Komiya and inoue reported similar presenting complaints in a series of 10 cases. Fibrous dysplasia, osteofibrous dysplasia, and adamantinoma. Osteofibrous dysplasia ofd is a rare, benign, lesion that is typically seen in children. May 07, 2018 does osteofibrous dysplasia progress to adamantinoma and how should they be treated bone joint j. Pdf mri of adamantinoma of long bones in correlation. Fibrous dysplasia is a slowly progressing bone lesion resulting from displacement of the normal medullary bone with abnormal. An 11yearold child presented to the emergency department in 2005 with episodes of pain in his right clavicle. Pseudotumors of bone and bone lesions mimicking tumours. Osteofibrous dysplasia usually occurs in the first two decades of life. The diagnosis is usually not difficult, given the symptoms, radiology, and histology.

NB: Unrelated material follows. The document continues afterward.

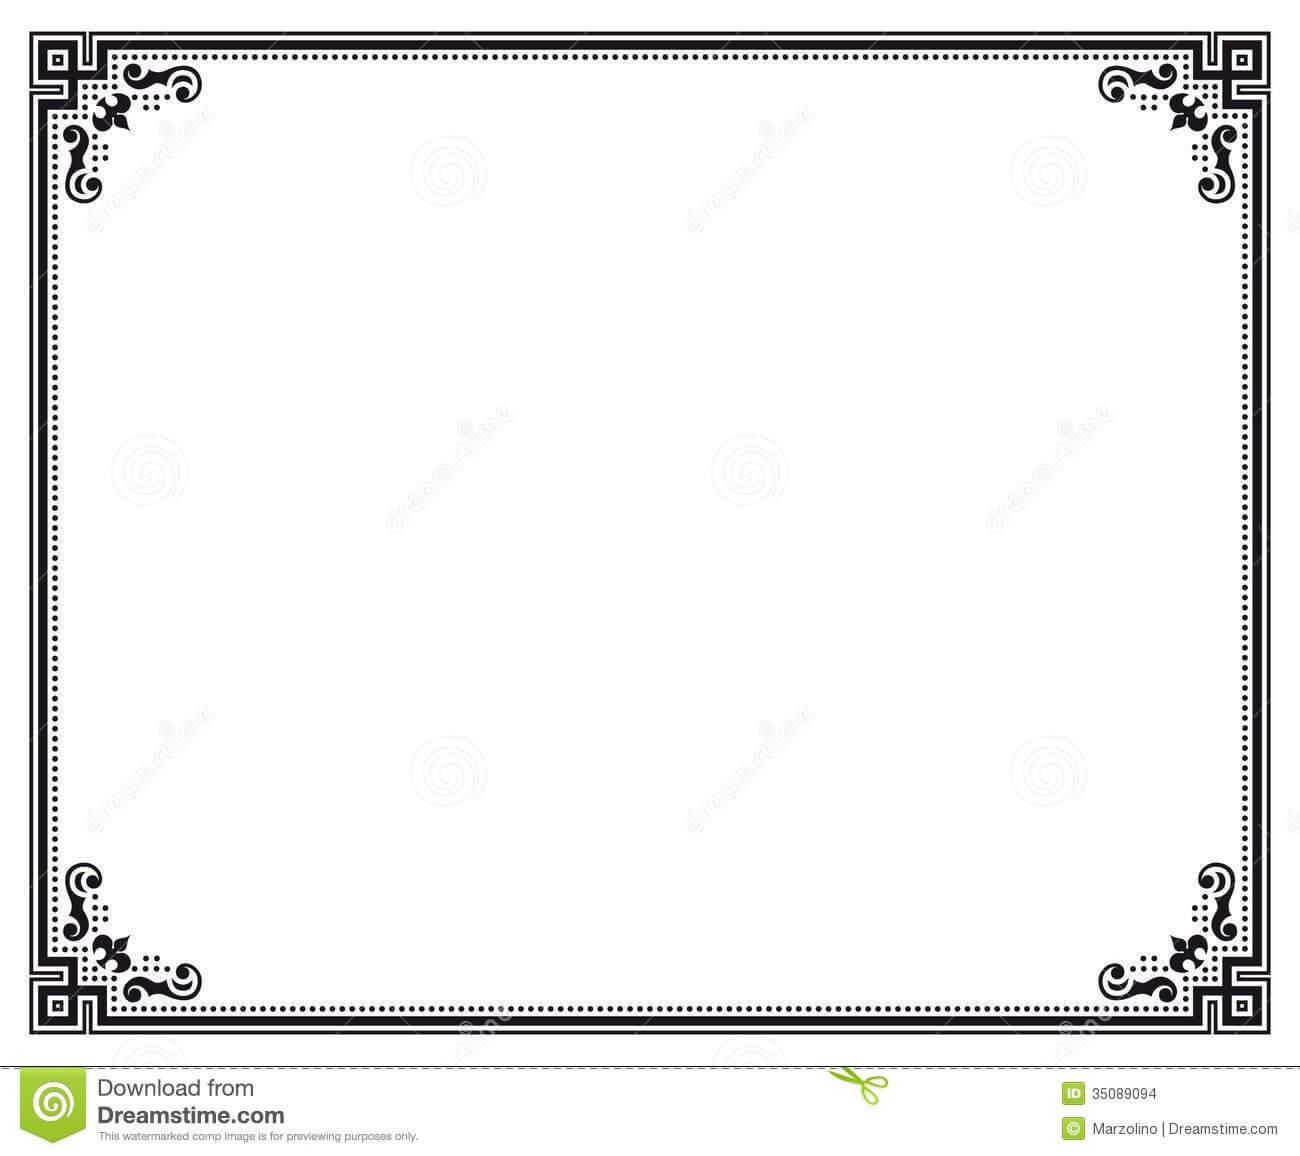 Certificate Border Vector Free Download At Getdrawings Within Certificate Border Design Templates

Adamantinoma ad is a rare, lowgrade malignant primary. Osteofibrous dysplasia ossifying fibroma of the tibia. Osfd to ensure longterm funding for the omim project, we have diversified our revenue stream. Osteofibrous dysplasia is a noncancerous tumor that typically develops during childhood. Subsequently, kempson reported two cases affecting the tibia of young children and named the lesion ossifying fibroma. A clinicopathological and immunohistochemical study of. He was extensively investigated and a diagnosis of fibrous dysplasia of the right clavicle was reached on histology. Cytokeratin expression and distribution in adamantinoma of the long bones and osteofibrous dysplasia of tibia and fibula.